Matteo
Acordo com um barulho irritante de alguém cantando.
Abro os olhos e vejo uma bela loira, de corpo escultural, cantarolando uma música qualquer pelo quarto.
— Ainda bem que você serve pro gasto pra f*der, porque pra cantar, nem naqueles botecos de rodovia você serviria.
Ela me olha incrédula.
— Como você é grosso, seu babaca!
Dou de ombros, me levanto e vou ao banheiro fazer minha higiene pessoal.
Saio do banheiro e a loira ainda está deitada na cama, com o telefone em mãos, apenas de lingerie amarela.
Termino de me vestir e olho meu celular: tem mais de 90 mensagens e 22 chamadas perdidas.
— Mas que merda o dia m*l começou e já tenho mais de mil e um problemas pra resolver.
— Qual é mesmo o seu nome?
— É Malu.
Ela responde sem tirar os olhos do telefone.
— Acho que você está meio perdido no tempo, lindinho. Já passa das 11h30.
Olho para a tela do celular sem acreditar no que acabo de ouvir.
Como o tempo passou assim e eu não percebi?
Guardo o celular no bolso, pego a chave do carro e confiro pra ver se não está faltando nada.
Me viro e vejo Malu ainda deitada com o telefone em mãos.
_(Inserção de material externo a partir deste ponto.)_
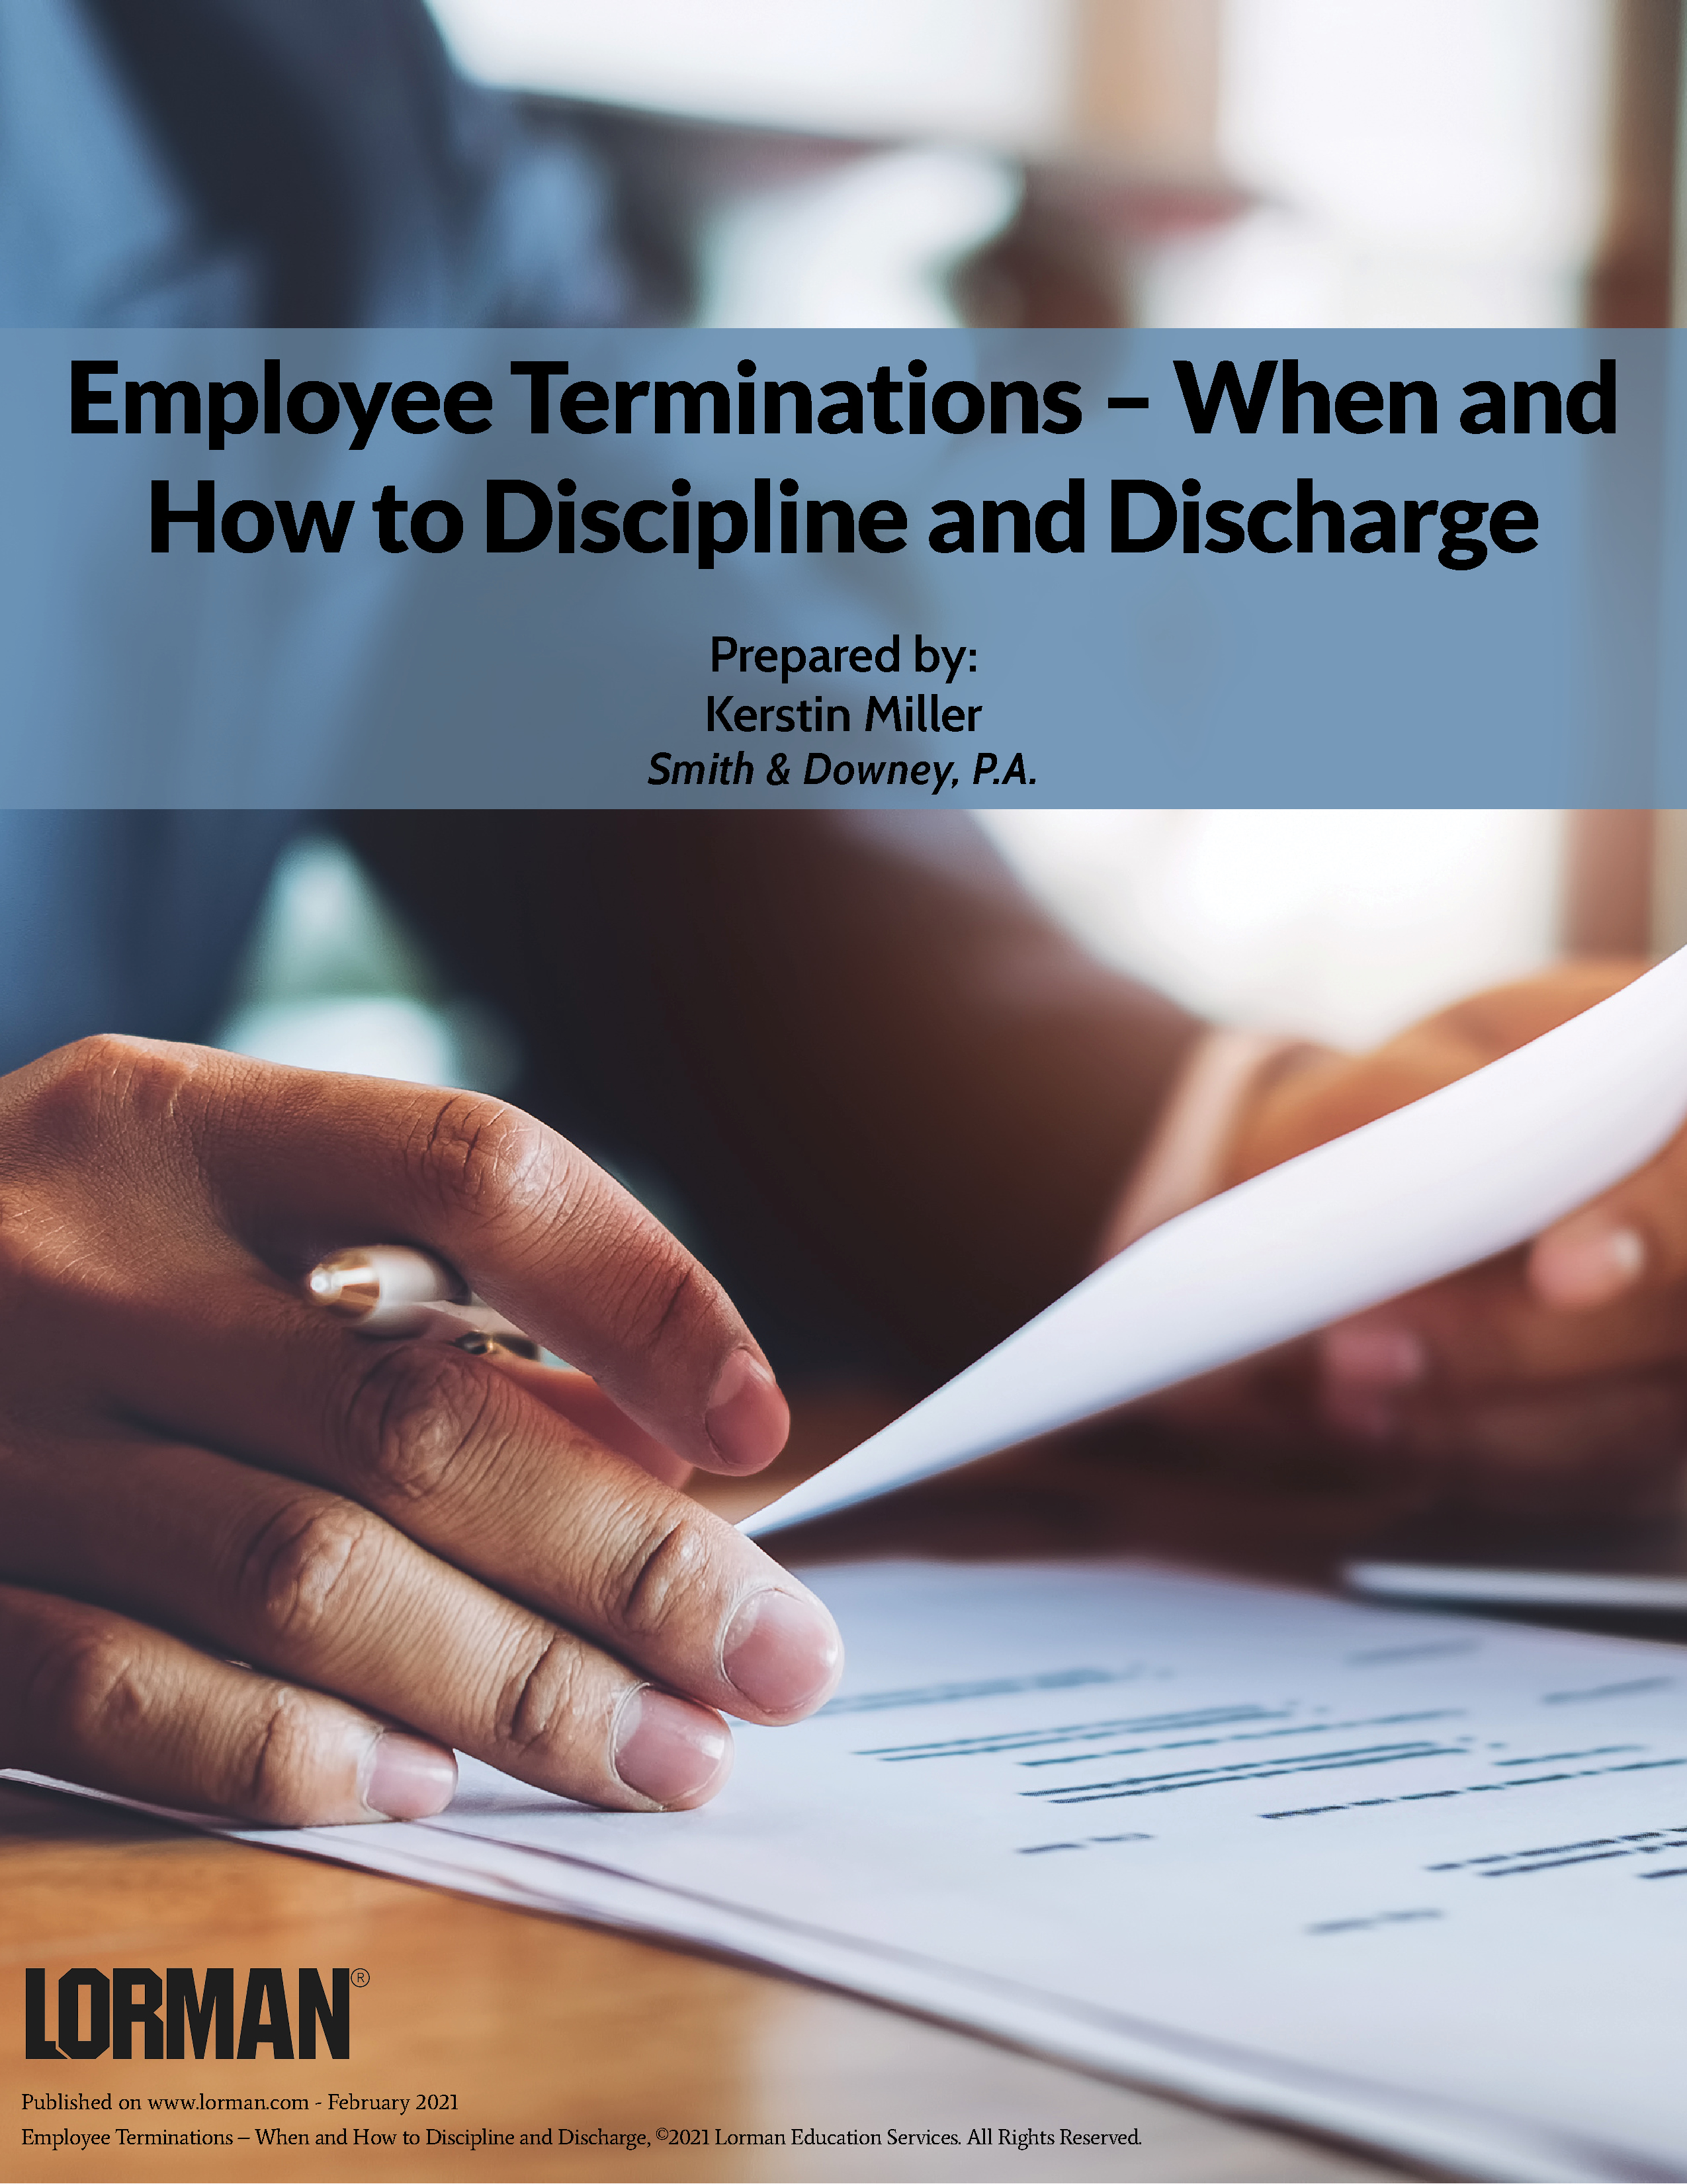 Employee Terminations – When and How to Discipline and Discharge

Me viro novamente e rumo à porta.
— Você já vai? Que dia vamos nos ver de novo?
— Nunca mais.
— Mas por quê? — ela pergunta, meio confusa.
— Não gosto de comer a mesma coisa duas vezes — digo, piscando pra ela e começando a sair do quarto.
— Vai para o inferno, seu i*****l!
Não preciso de você mesmo, tem muitos me querendo! Inclusive, daqui a pouco Raul deve estar chegando aqui.
Mesmo você sendo grosso comigo, se quiser pode ficar e participar com a gente da nossa festinha particular.
— Eu tenho pena de você. Só prova que é uma vagabunda barata, igual a todas as outras.
— Você é um desgraçado!
Saio do quarto e deixo ela me xingando sozinha.
Não sou obrigado a ficar ouvindo essas baixarias.
Já estou com problemas demais e paciência de menos pra ouvir chiliques dela.
Vou até meu carro, destranco a porta, entro e vou direto para a empresa já estou mais do que atrasado.
Mas, antes, resolvo passar em casa e tomar um banho rápido. Troco de roupa, pego o que preciso e agora sim, vou pra empresa.
Chego à empresa, estaciono o carro no estacionamento e vou para o elevador.
Subo até o meu andar, passo pela minha secretária e vou direto para a minha sala.
Me sento na cadeira e começo a organizar uns papéis para ler.
Ouço duas batidas na porta.
— Entre!
— Bom dia, Sr. Matteo.
O senhor perdeu duas reuniões hoje de manhã.
Esses papéis aqui precisam de sua assinatura.
O Sr. Teodoro Miller pediu que, assim que o senhor chegasse, ele fosse avisado.
Mas ele já foi embora — disse Iza, minha secretária.
— Ligue para o meu pai e avise que já estou aqui. Volte a remarcar as reuniões.
— Mas, Sr. Matteo, essa é a terceira vez que eu remarco essas reuniões.
O Sr. Miller representou o senhor nelas.
— Tudo bem, pode ir.
— Com licença.
Meu pai veio para as reuniões?
Como ele soube?
Eu não disse nada a ele sobre isso tem alguma coisa errada.
Afasto esses pensamentos e começo a ler os papéis em minha mesa.